DUBAI: The US on Thursday demanded Iran immediately release a vessel it seized in the Gulf and a US military commander in the region said the US would work “aggressively” to ensure free passage of vessels through the vital waterway.

Responding to an announcement by Iran’s Revolutionary Guards that they had seized a foreign tanker smuggling fuel, the US State Department insisted Iran had to free the ship and its crew and stop harassing vessels in and around the Strait of Hormuz.

The US blames Iran for a series of attacks on shipping since mid-May in the world’s most important oil artery, accusations Tehran rejects but that have raised fears the long-time foes could stumble into war.

“The United States strongly condemns the Islamic Revolutionary Guard Corps Navy’s continued harassment of vessels and interference with safe passage in and around the Strait of Hormuz,” a State Department spokesperson said in an email to Reuters.

“Iran must cease this illicit activity and release the reportedly seized crew and vessel immediately.”

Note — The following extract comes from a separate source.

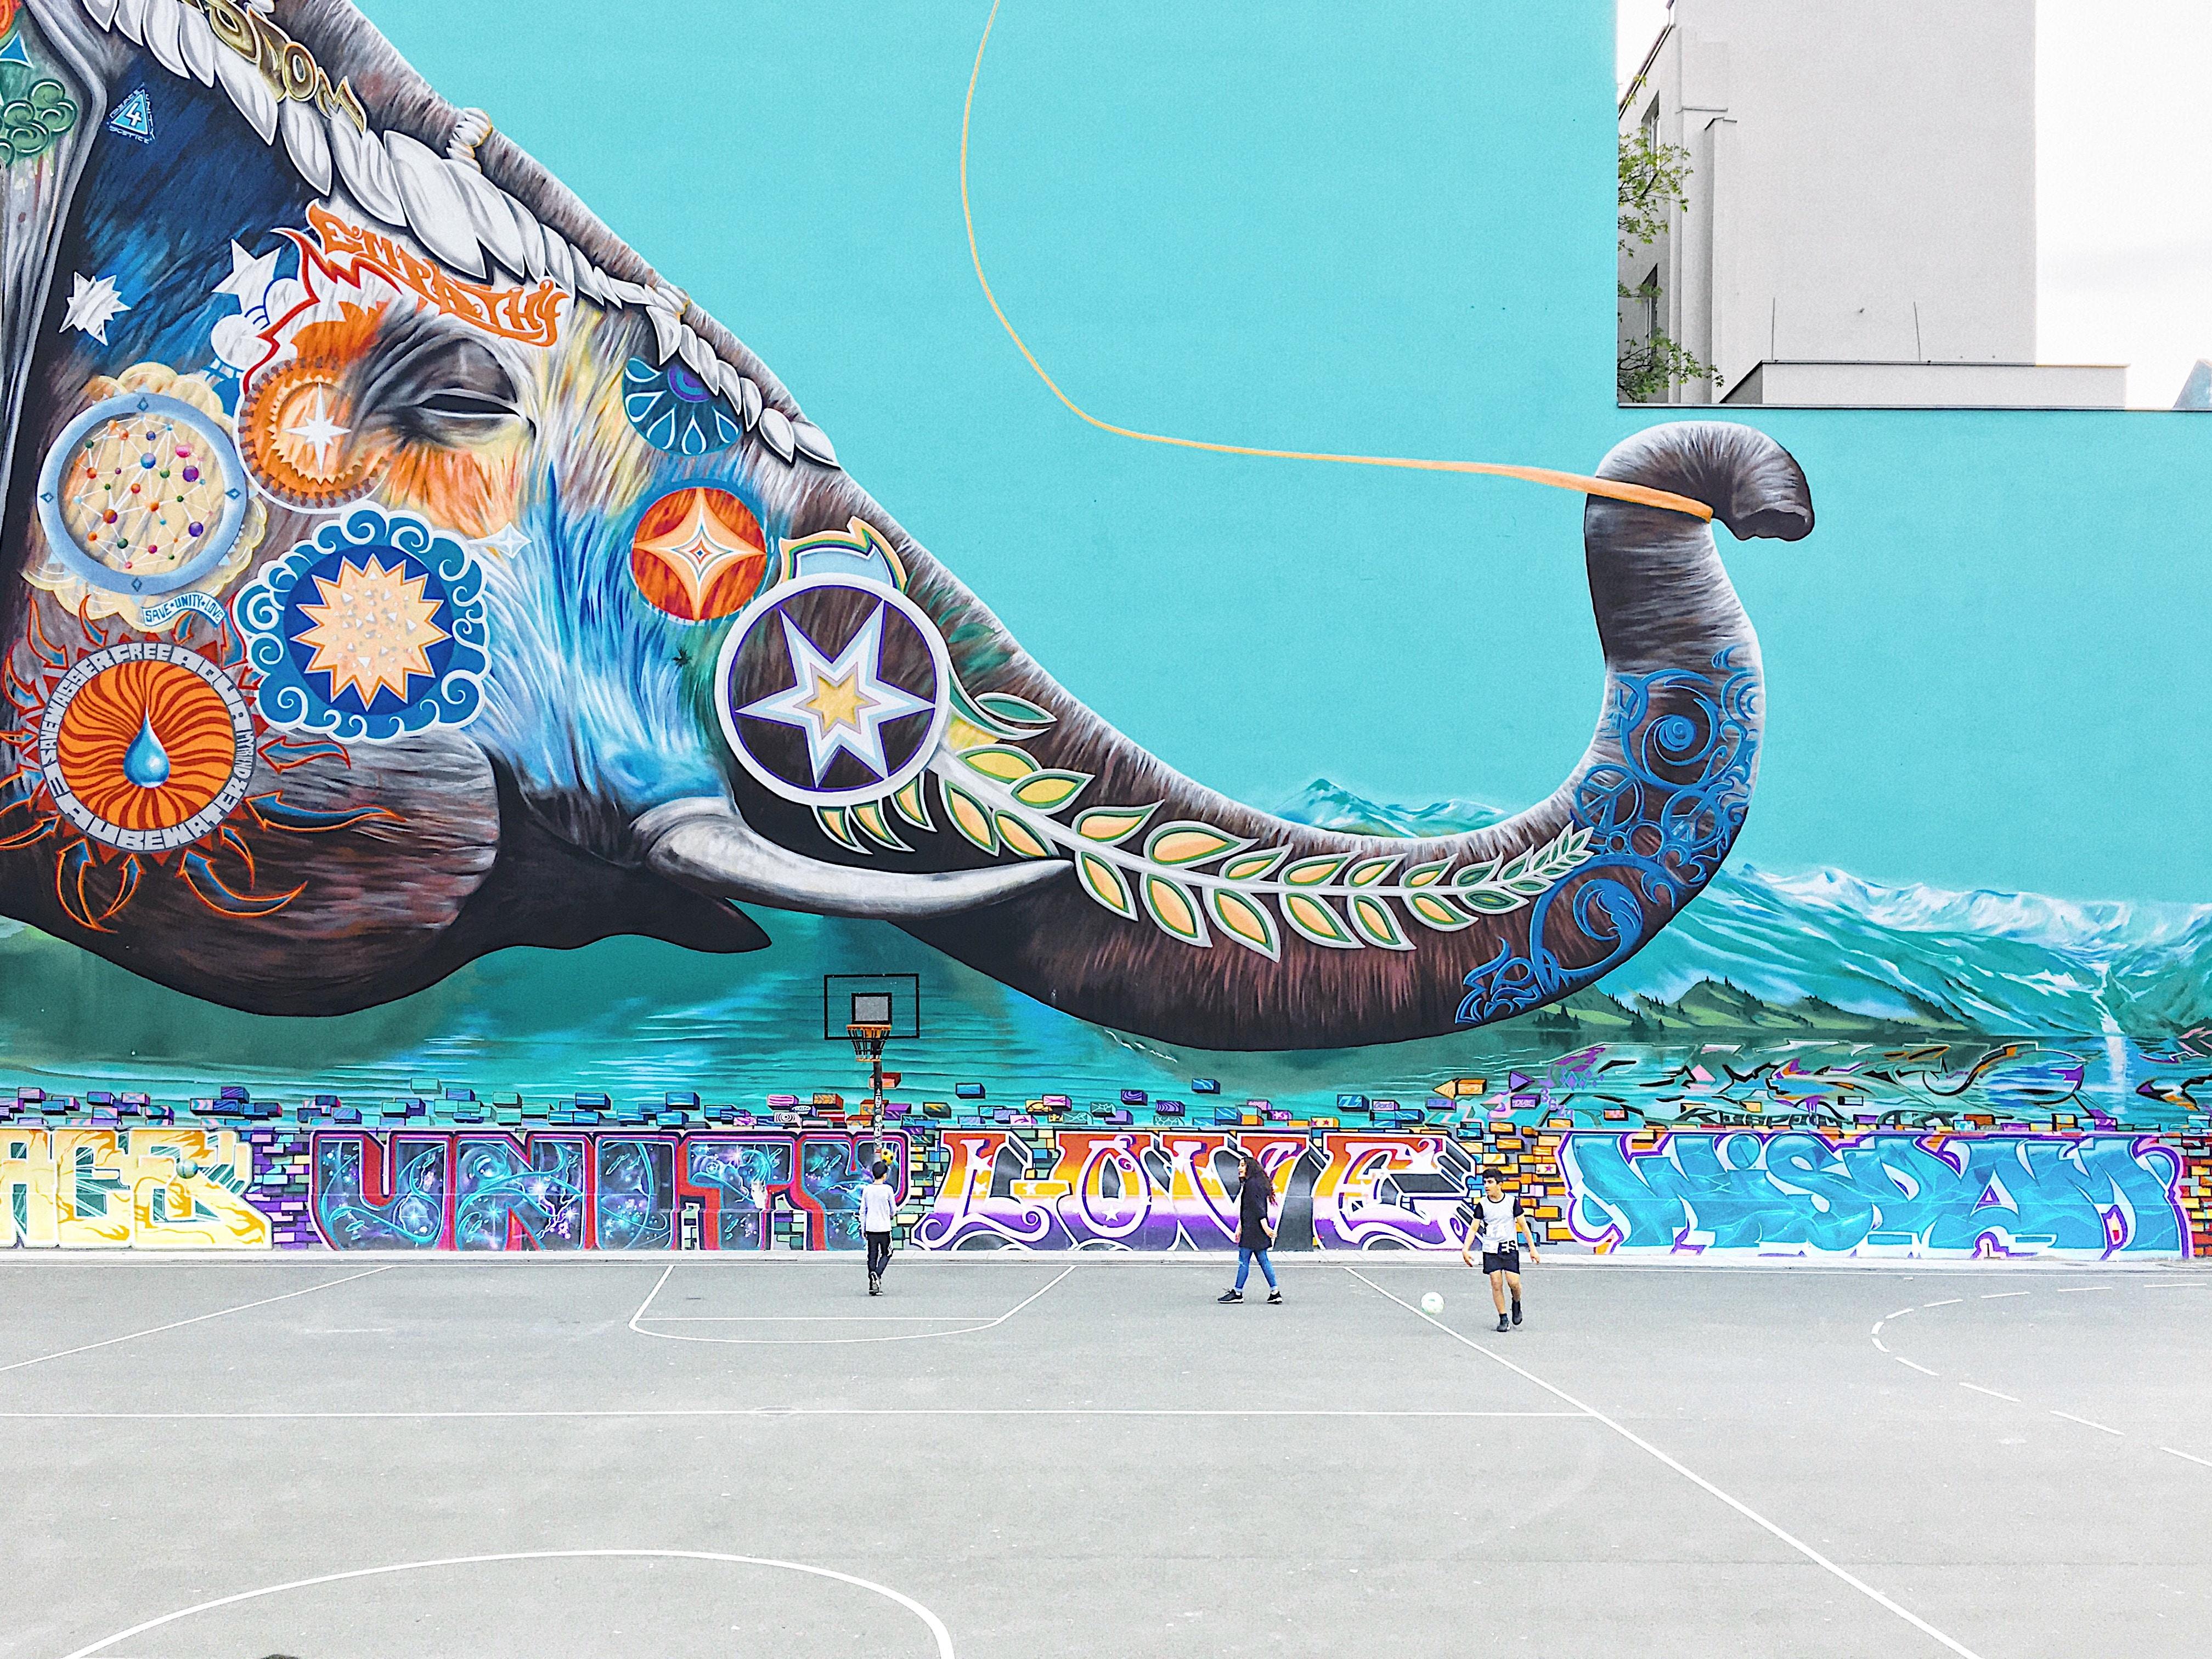 Audrey Hepburn Wall Mural Street Art Pictures Hd Download Free Images On Unsplash

Refinitiv data showed that the last signal received from the vessel was on Sunday when it was in the Strait of Hormuz off the Iranian island of Qeshm, heading toward Oman from Larak Island.

It was reported on Wednesday that shipping companies were hiring unarmed security guards for voyages through the Gulf as an extra safeguard.

US Central Command chief Gen. Kenneth McKenzie, meanwhile, said Washington was talking to several countries about ensuring freedom of navigation in the Gulf and would work “aggressively” to find a solution to enable free passage. He was speaking in Riyadh at a news conference.

Also on Thursday, Britain urged Iran to ease tensions in the Gulf on Thursday and Defense Secretary Penny Mordaunt told a defense conference Britain had “always, and we will continue, to protect shipping and the free flow of goods in that area.”